Crane Served, an Endangered Species?

by Coe Parker on March 31st, 2008

With the oil field manufacturing industry booming in Houston, there is strong demand for crane served space. The market is not keeping pace with the demand for crane served or crane ready buildings in excess of ten tons.

The problem we face is that many of the buildings currently available in the market place are not sufficient to accommodate the growing needs of the oil business. The vast majority of these buildings lack sufficient crane capacity, hook height and lay down yard to accommodate the needs of these users. During the last five to ten years many of the citys inner-loop manufacturing areas have been redeveloped into residential and retail projects. Many crane served facilities along Washington Avenue or the citys east side have been replaced with townhomes, service centers and shopping centers.

Investors have been quick to break ground on new crane served or crane ready buildings. However, many of these new projects are just under construction or proposed and are several months from completion. Also, these speculative buildings are a flexible design that doubles both as warehouse and crane served space; it is too risky for them to produce a facility in the size needed by larger tenants. A dedicated oil field service company requires wider bays, higher capacity cranes, up to 20-30 tons, high hook height and adjoining lay down yard space. So the new buildings that have been announced, will not address the needs of these larger users.

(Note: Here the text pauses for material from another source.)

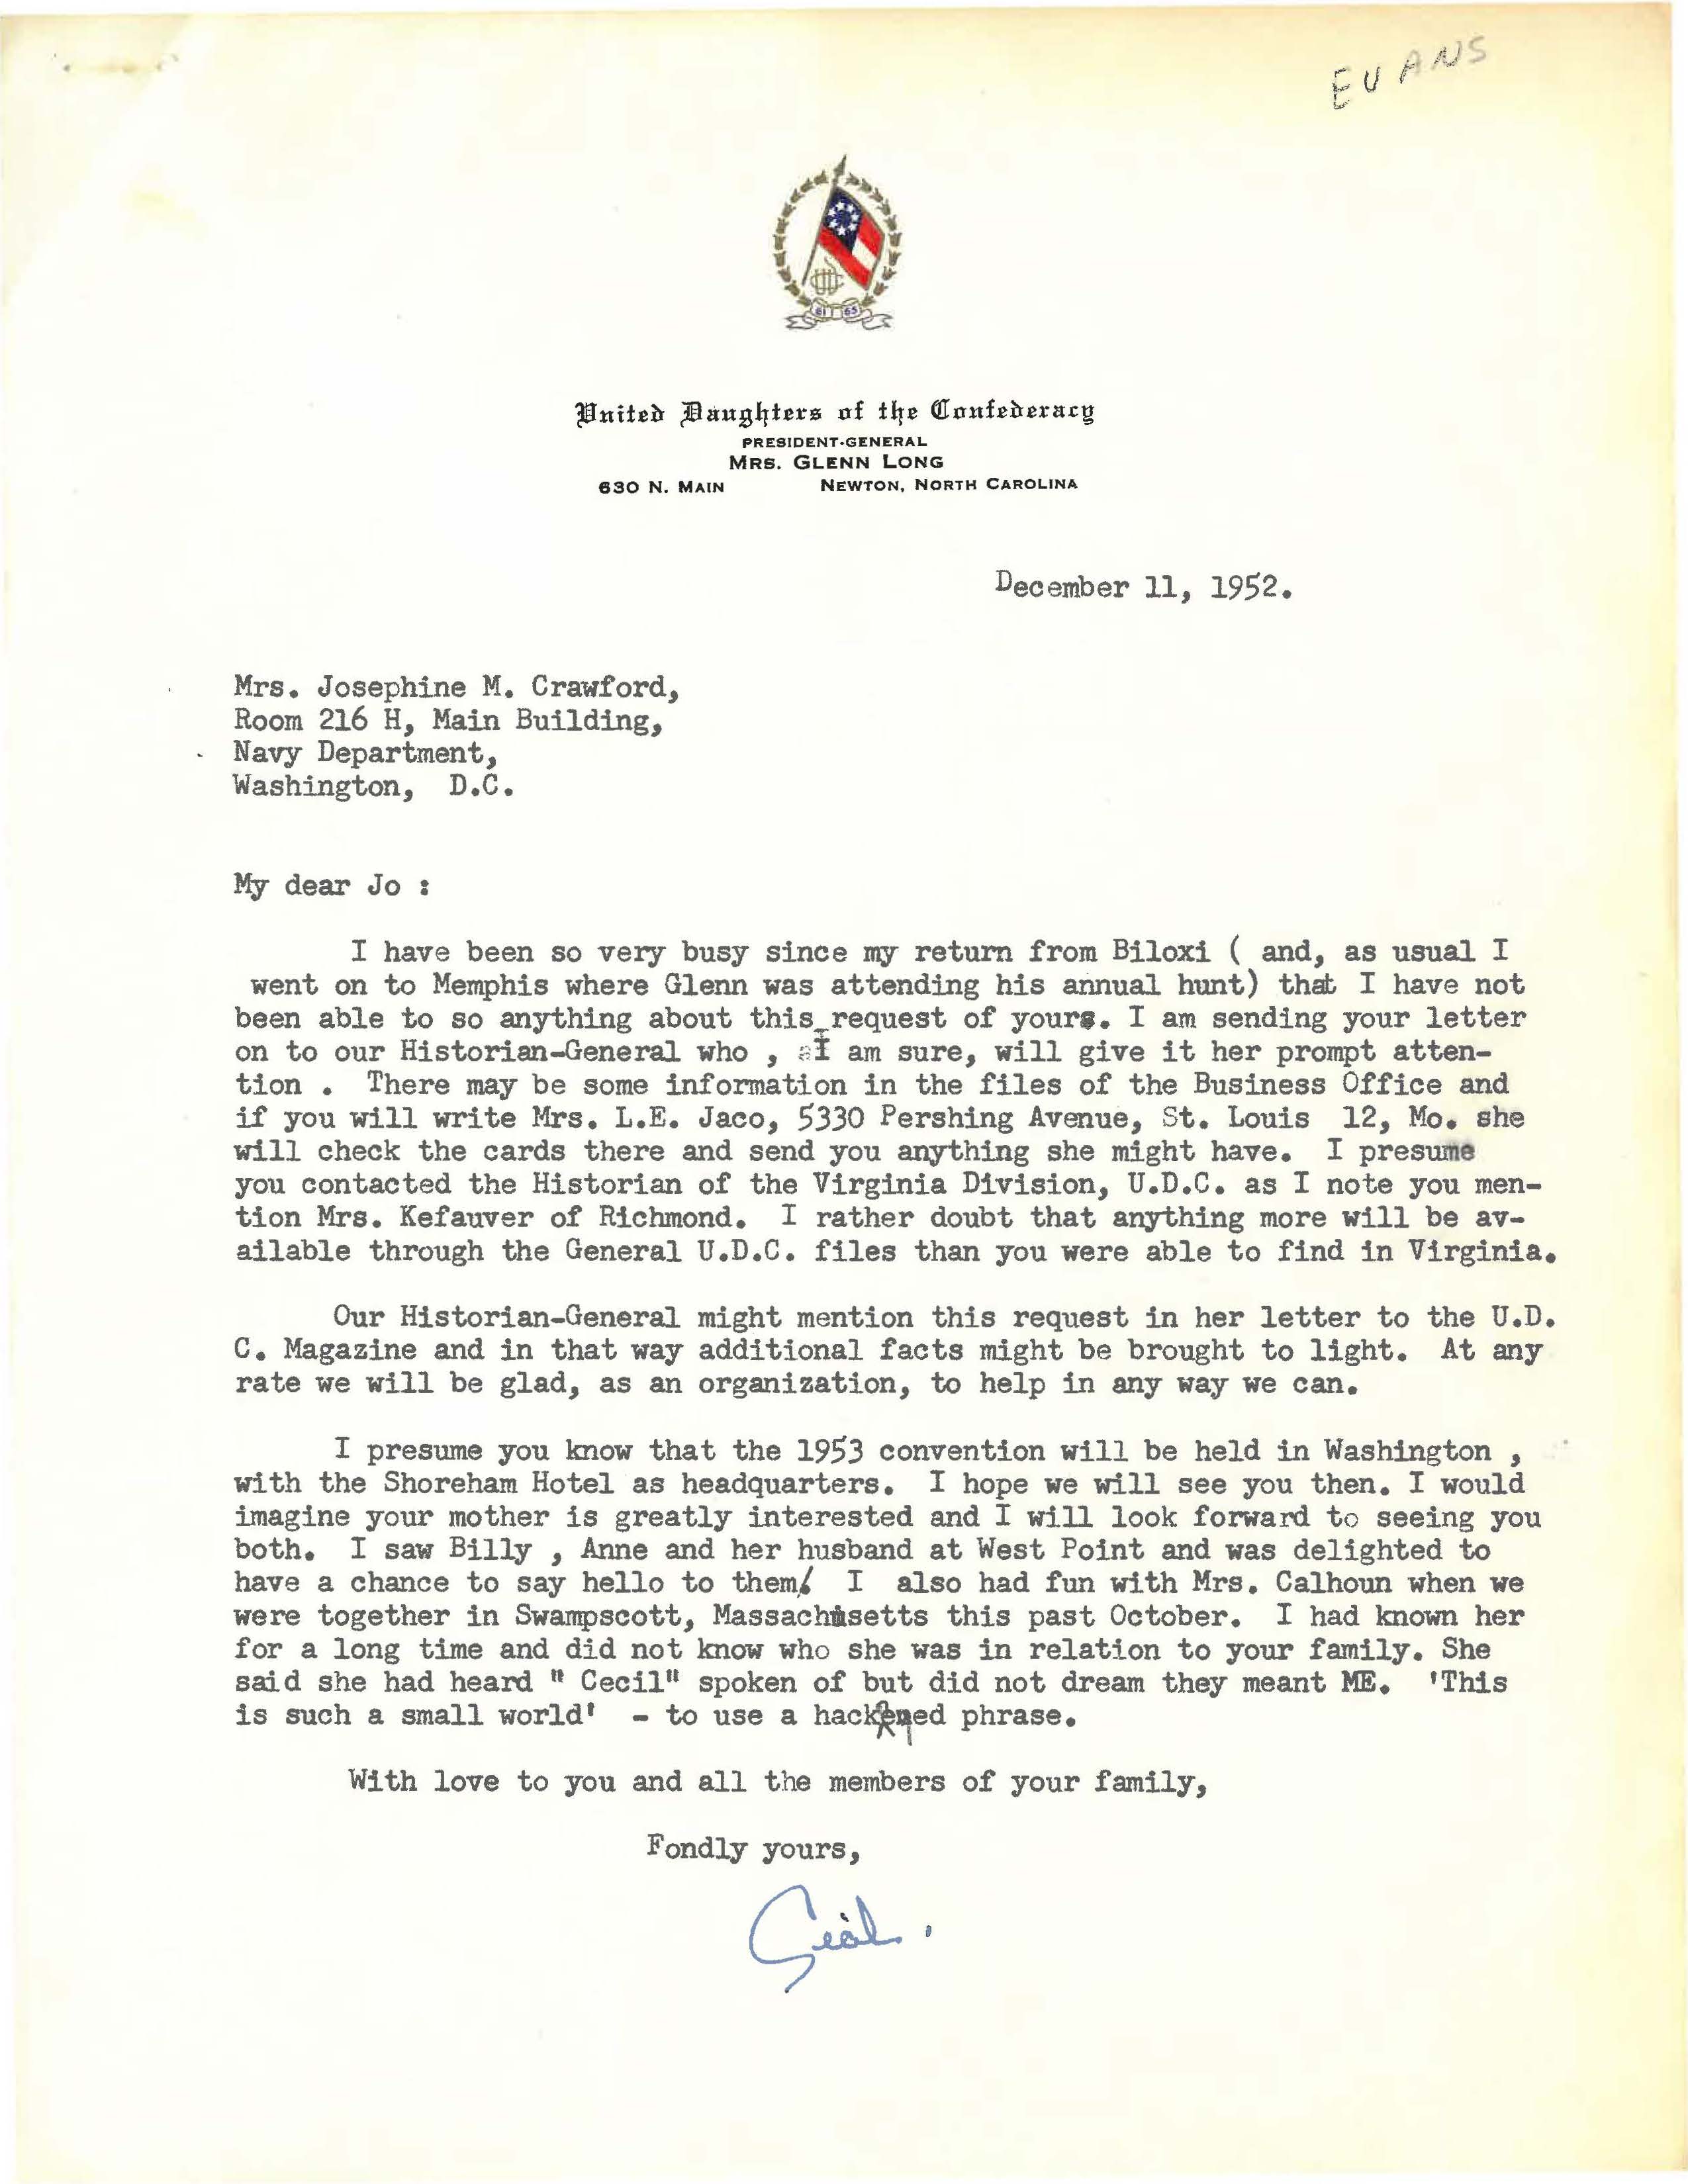 Mrs. Glenn Long letter to Josephine M. Crawford

The increasing price of urban land is one of the primary reasons for this scarcity of industrial manufacturing properties. Higher land values have resulted in the demolition of many facilities inside beltway 8 and near east side of the city. The demand for these facilities went soft in the mid-1980`s and now that demand is strong again many of the traditional manufacturing areas are in transition. Higher land prices will result in smaller facilities and move new facilities to areas further away from the traditional manufacturing base.

Houston is a major center for the fabrication of oil field tools and equipment. The high price of oil has resulted in a surge in demand for these tools and equipment. Declines in the value of the dollar and increased international exploration have resulted in increased exports of tools and equipment to other oil producing regions. All of these factors have resulted in increased demand for crane served manufacturing and distribution facilities. Current vacancies in Northeast and East sides of town are less than 6% in all crane-served product. The larger manufacturing tenants will probably need to build their own facilities, further afield from the traditional manufacturing areas, in order to get the type of crane served facility needed to support their growing businesses.